Differential Revision: https://reviews.llvm.org/D58327

llvm-svn: 354433
This commit is contained in:
Fangrui Song 2019-02-20 04:39:42 +00:00
parent b94dde7f9b
commit d990c2a9e2
1 changed files with 47 additions and 38 deletions

View File

@ -15,9 +15,12 @@
/// Loukas Georgiadis, Princeton University, November 2005, pp. 21-23:
/// ftp://ftp.cs.princeton.edu/reports/2005/737.pdf
///
/// This implements the O(n*log(n)) versions of EVAL and LINK, because it turns
/// out that the theoretically slower O(n*log(n)) implementation is actually
/// faster than the almost-linear O(n*alpha(n)) version, even for large CFGs.
/// Semi-NCA algorithm runs in O(n^2) worst-case time but usually slightly
/// faster than Simple Lengauer-Tarjan in practice.
///
/// O(n^2) worst cases happen when the computation of nearest common ancestors
/// requires O(n) average time, which is very unlikely in real world. If this
/// ever turns out to be an issue, consider implementing a hybrid algorithm.
///
/// The file uses the Depth Based Search algorithm to perform incremental
/// updates (insertion and deletions). The implemented algorithm is based on
@ -254,42 +257,47 @@ struct SemiNCAInfo {
return LastNum;
}
NodePtr eval(NodePtr VIn, unsigned LastLinked) {
auto &VInInfo = NodeToInfo[VIn];
if (VInInfo.DFSNum < LastLinked)
return VIn;
// V is a predecessor of W. eval() returns V if V < W, otherwise the minimum
// of sdom(U), where U > W and there is a virtual forest path from U to V. The
// virtual forest consists of linked edges of processed vertices.
//
// We can follow Parent pointers (virtual forest edges) to determine the
// ancestor U with minimum sdom(U).
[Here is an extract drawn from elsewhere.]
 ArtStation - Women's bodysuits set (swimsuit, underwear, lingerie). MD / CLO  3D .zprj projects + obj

But it is slow and thus we employ the path
// compression technique to speed up to O(m*log(n)). Theoretically the virtual
// forest can be organized as balanced trees to achieve almost linear
// O(m*alpha(m,n)) running time. But it requires two auxiliary arrays (Size
// and Child) and is unlikely to be faster than the simple implementation.
//
// For each vertex V, its Label points to the vertex with the minimal sdom(U)
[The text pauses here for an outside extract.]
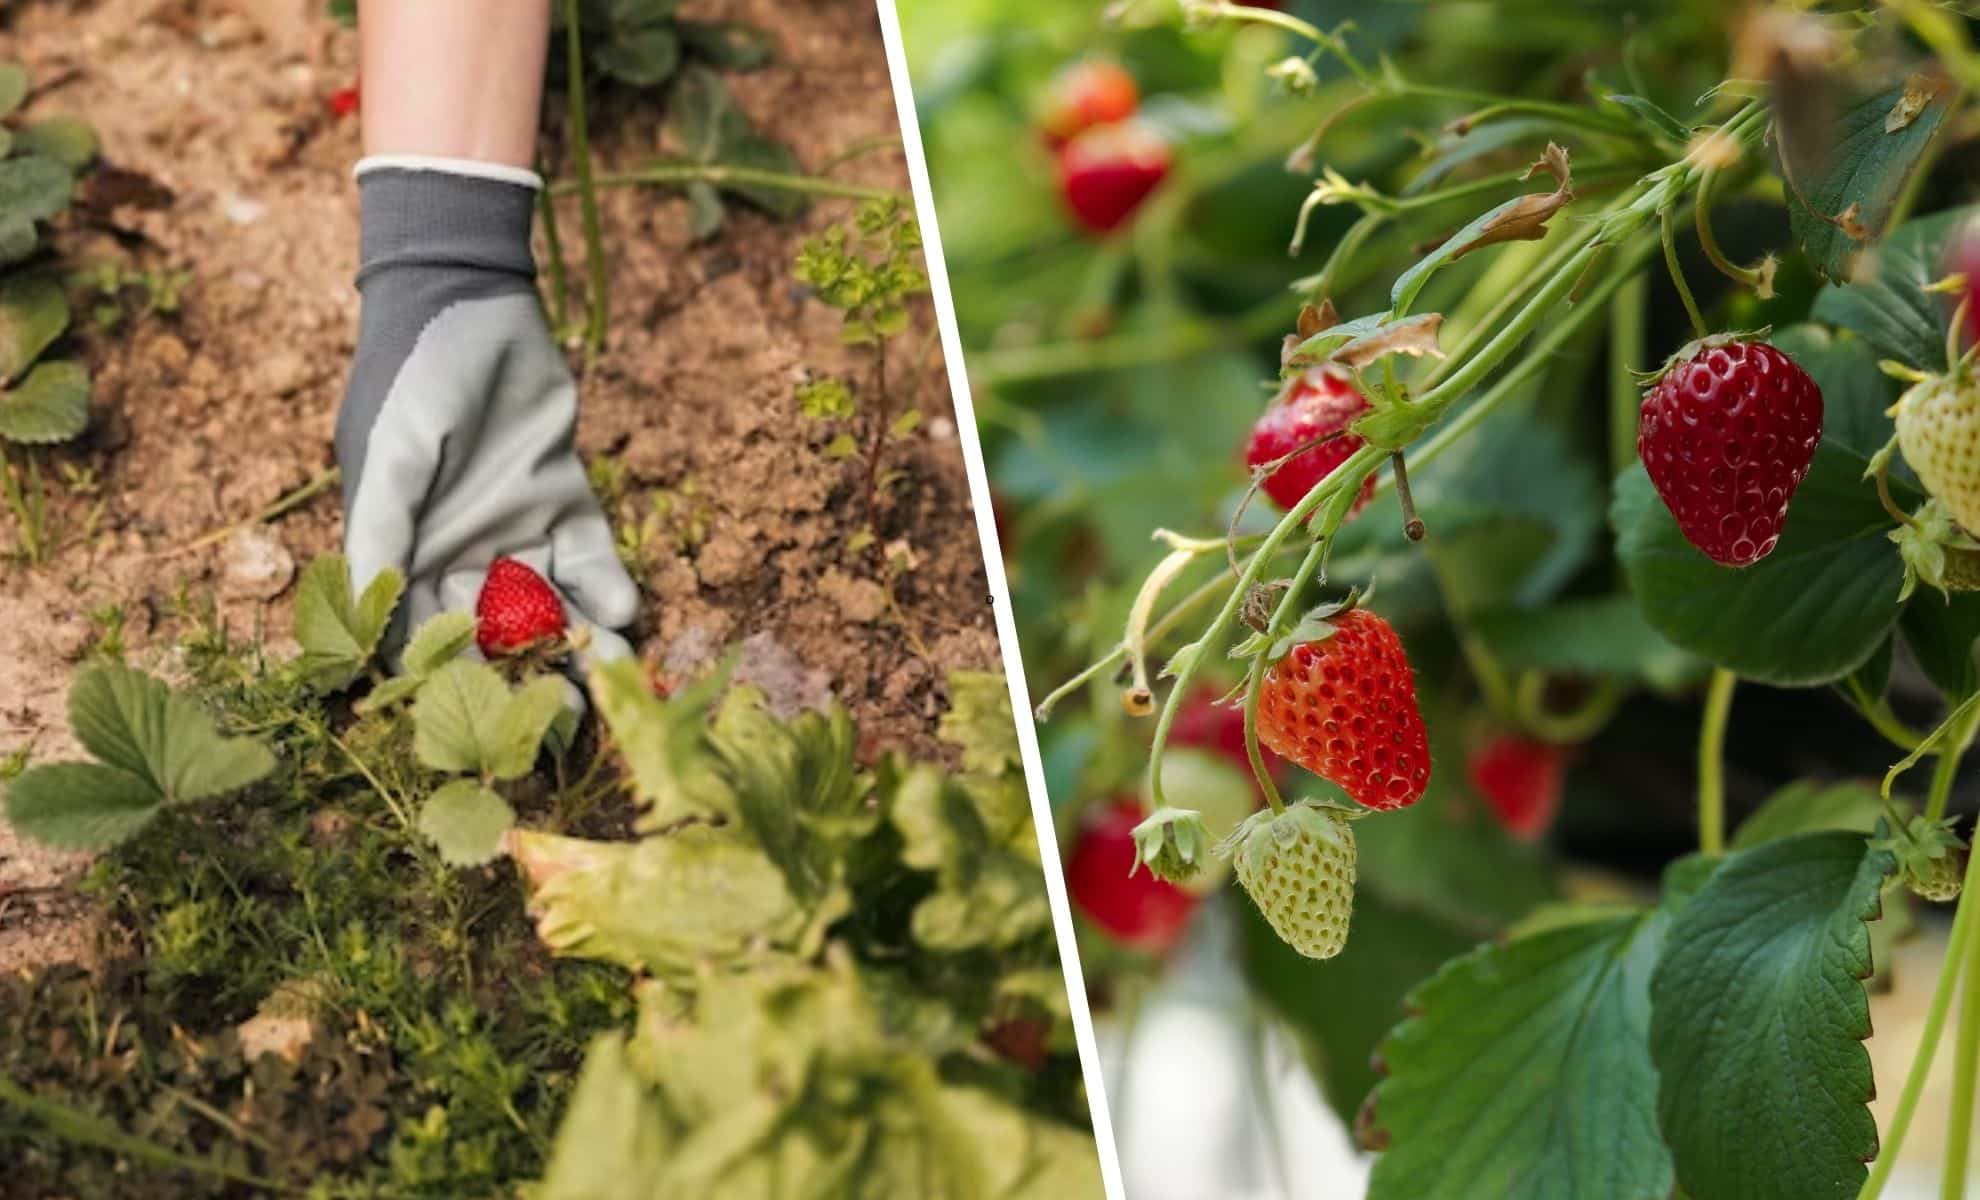 Jardinage : comment booster votre culture de fraises à moindre coût cet été ?

// (Semi) in its path from V (included) to NodeToInfo[V].Parent (excluded).
NodePtr eval(NodePtr V, unsigned LastLinked,
SmallVectorImpl<InfoRec *> &Stack) {
InfoRec *VInfo = &NodeToInfo[V];
if (VInfo->Parent < LastLinked)
return VInfo->Label;
SmallVector<NodePtr, 32> Work;
SmallPtrSet<NodePtr, 32> Visited;
// Store ancestors except the last (root of a virtual tree) into a stack.
assert(Stack.empty());
do {
Stack.push_back(VInfo);
VInfo = &NodeToInfo[NumToNode[VInfo->Parent]];
} while (VInfo->Parent >= LastLinked);
if (VInInfo.Parent >= LastLinked)
Work.push_back(VIn);
while (!Work.empty()) {
NodePtr V = Work.back();
auto &VInfo = NodeToInfo[V];
NodePtr VAncestor = NumToNode[VInfo.Parent];
// Process Ancestor first
if (Visited.insert(VAncestor).second && VInfo.Parent >= LastLinked) {
Work.push_back(VAncestor);
continue;
}
Work.pop_back();
// Update VInfo based on Ancestor info
if (VInfo.Parent < LastLinked)
continue;
auto &VAInfo = NodeToInfo[VAncestor];
NodePtr VAncestorLabel = VAInfo.Label;
NodePtr VLabel = VInfo.Label;
if (NodeToInfo[VAncestorLabel].Semi < NodeToInfo[VLabel].Semi)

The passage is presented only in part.